Figure 4. ADCY1 depletion inhibits CAD-induced cAMP response and cell death.

(A) Cell death of MCF7 cells treated with non-targeting control (NTC) and 3 independent ACDY1 siRNAs for 72 h and with indicated concentrations of siramesine for the last 48 h (left). The efficacy of siRNAs was analyzed by qPCR 48 h after the transfection (right).

(B) Representative flow cytometer profiles for Flaminod2 fluorescence in MCF7-Flamindo2 cells treated with NTC or ADCY1 #1 siRNAs for 48 h. When indicated, cells were treated with vehicle (DMSO) or 6 μM siramesine in the absence of extracellular Ca²⁺ for the last 20 min.

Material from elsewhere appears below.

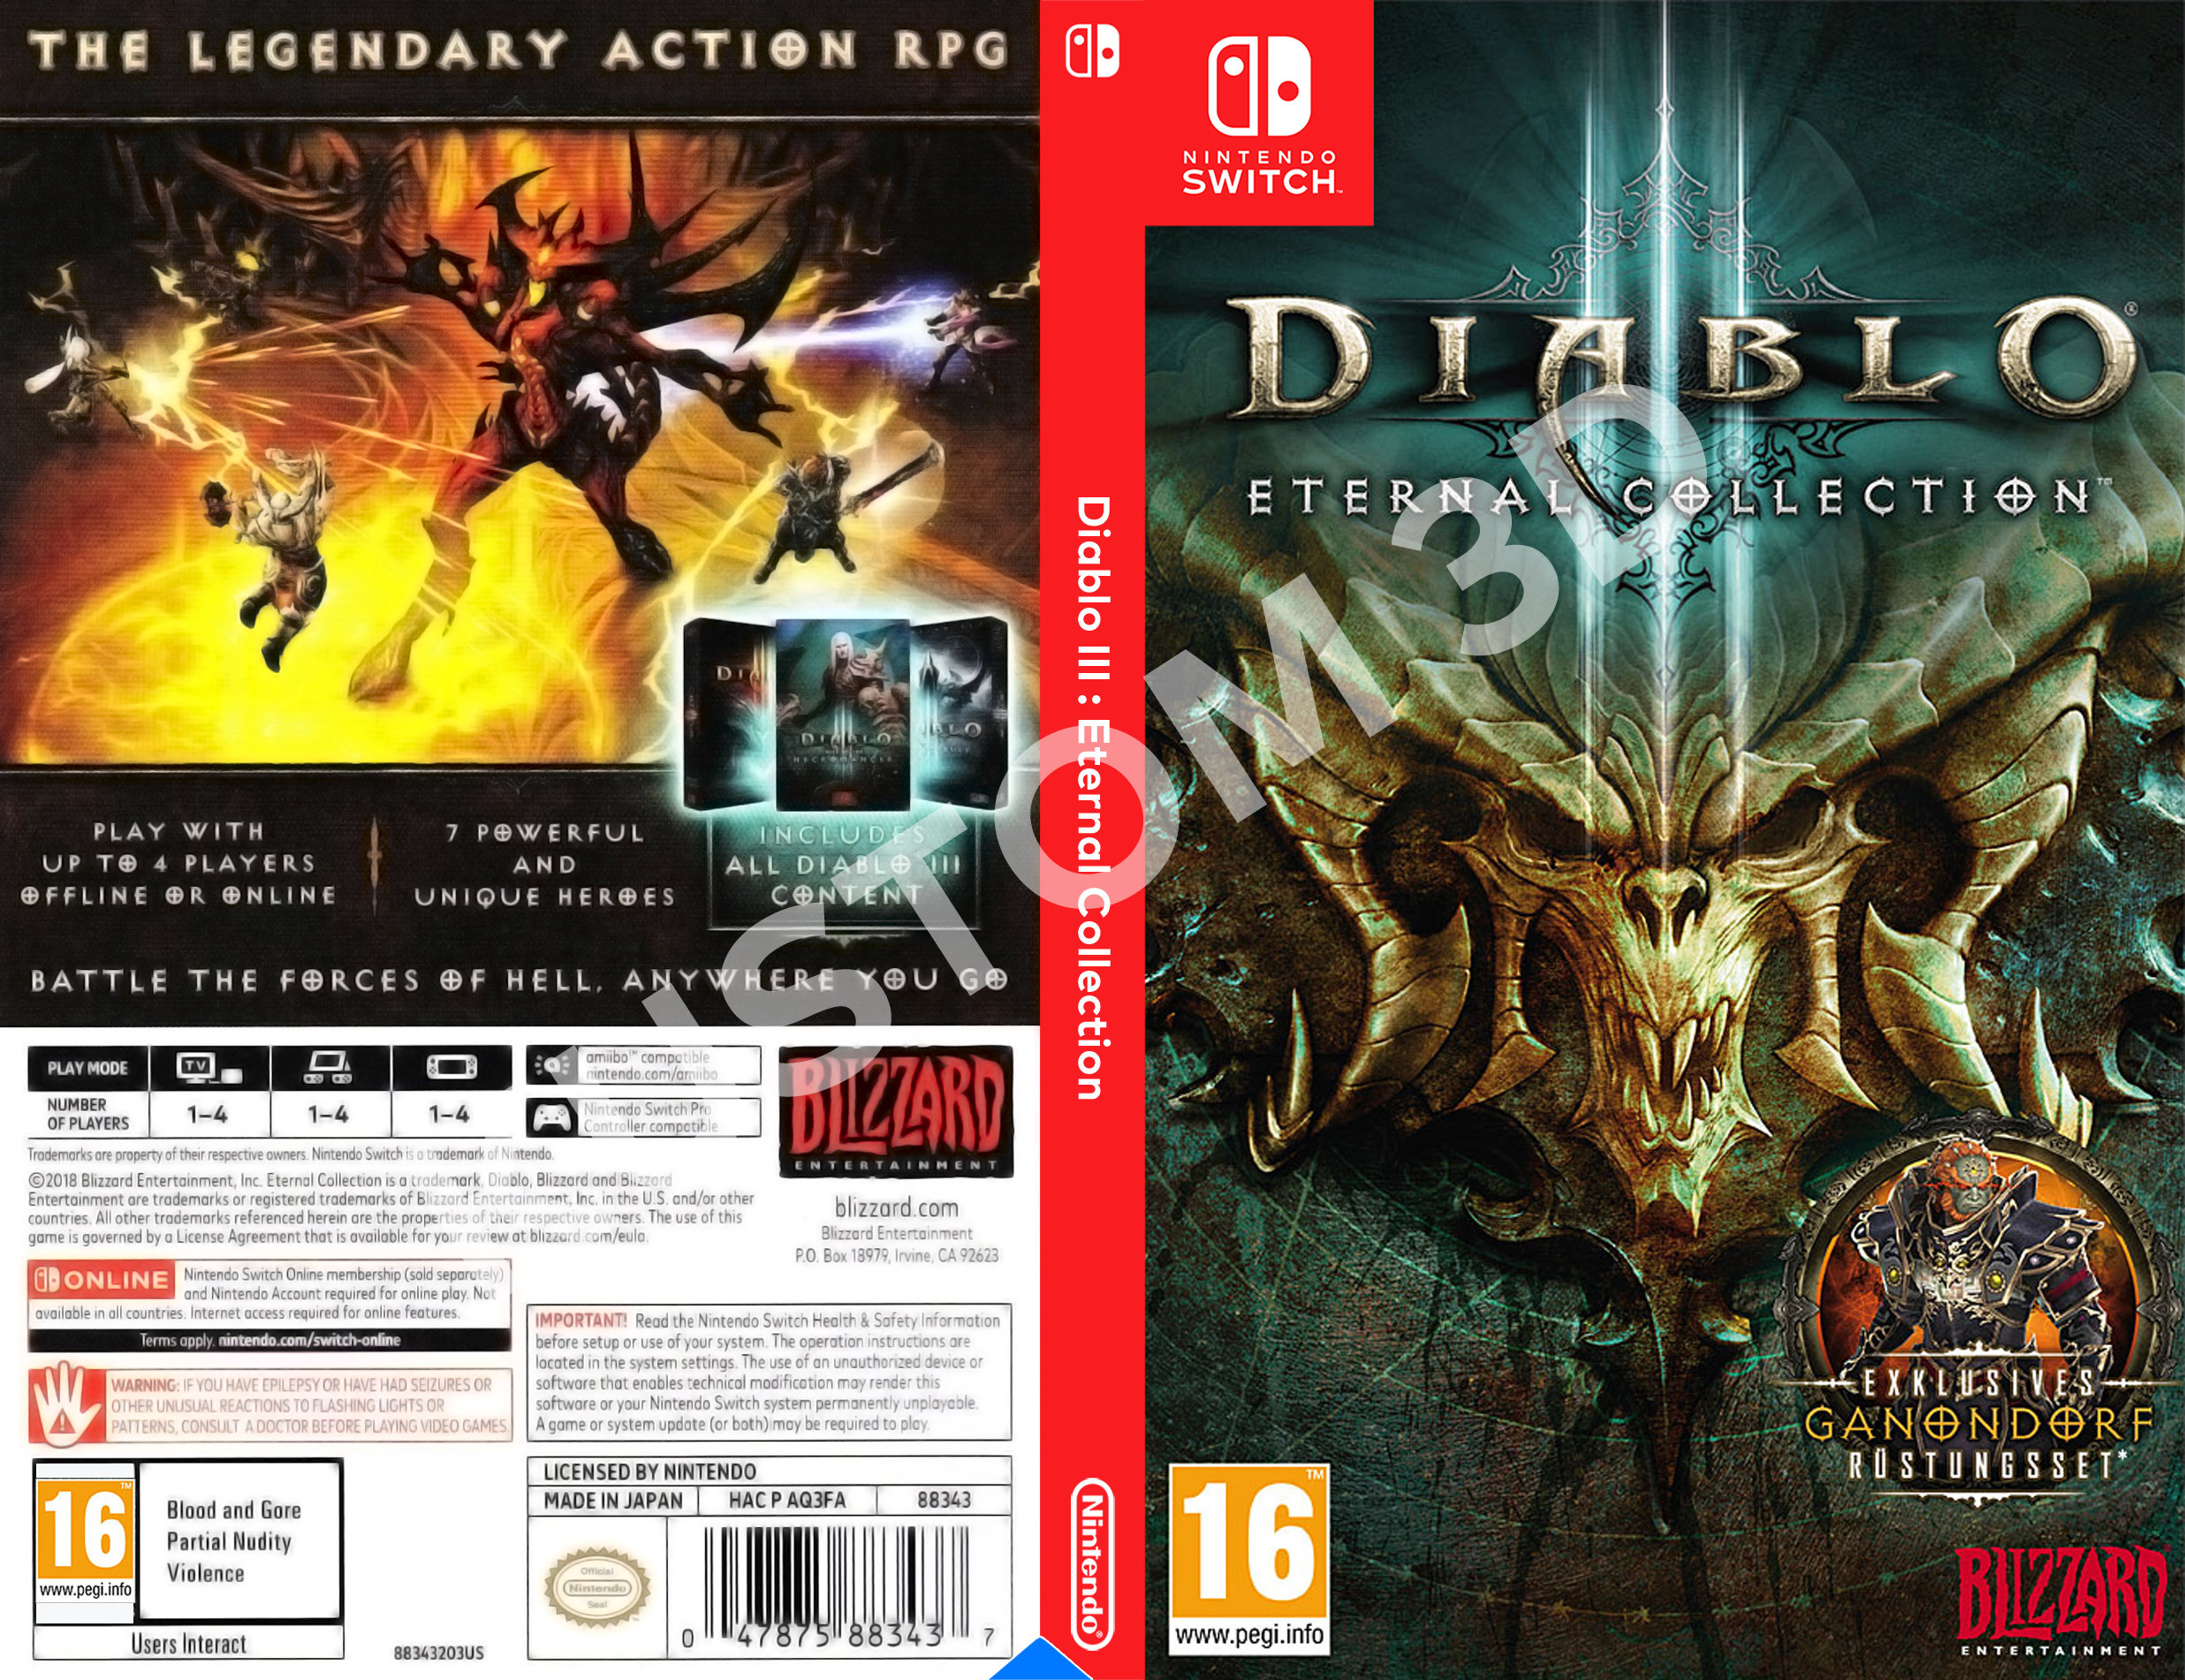 Diablo 3 nintendo. Diablo 3 Eternal collection Nintendo Switch. Diablo III: Eternal collection Нинтендо обложка. Diablo III: Eternal collection обложка. Диабло 3 Нинтендо свитч.

(C) Relative Flamindo2 geometric mean fluorescence intensities (geo-MFIs) in MCF7-Flamindo2 cells treated with NTC or ADCY1 #1 siRNAs for 72 h.

(D) Kinetics of relative Flamindo2 geo-MFIs in MCF7-Flamindo2 cells transfected as in (C) and treated with 6 μM siramesine in the absence of extracellular Ca²⁺ for the last 25 min.

(E and F) Representative immunoblots of P-S133-CREB and HSP90 (loading control) in MCF7 cells transfected with siRNAs as in (C) and treated with indicated concentrations of CADs for the last 2 h (E), and mean P-S133-CREB/loading control ratios in indicated samples from 3 independent experiments (F)

(G) Levels of free [Ca²⁺]_c in MCF7 cells treated with NTC or ADCY1 #1 siRNAs for 72 h, and with 6 μM siramesine (left) or with 300 μM GPN (right) in the absence of extracellular Ca²⁺ for indicated times were analyzed by flow cytometry using Fluo-4-AM probe as a Ca²⁺ sensor.

Error bars, SD of ≥ 3 independent experiments. * P < 0.05, ** P < 0.01, *** P < 0.001, **** P < 0.0001 as analyzed by 2-tailed, homoscedastic student’s t-test.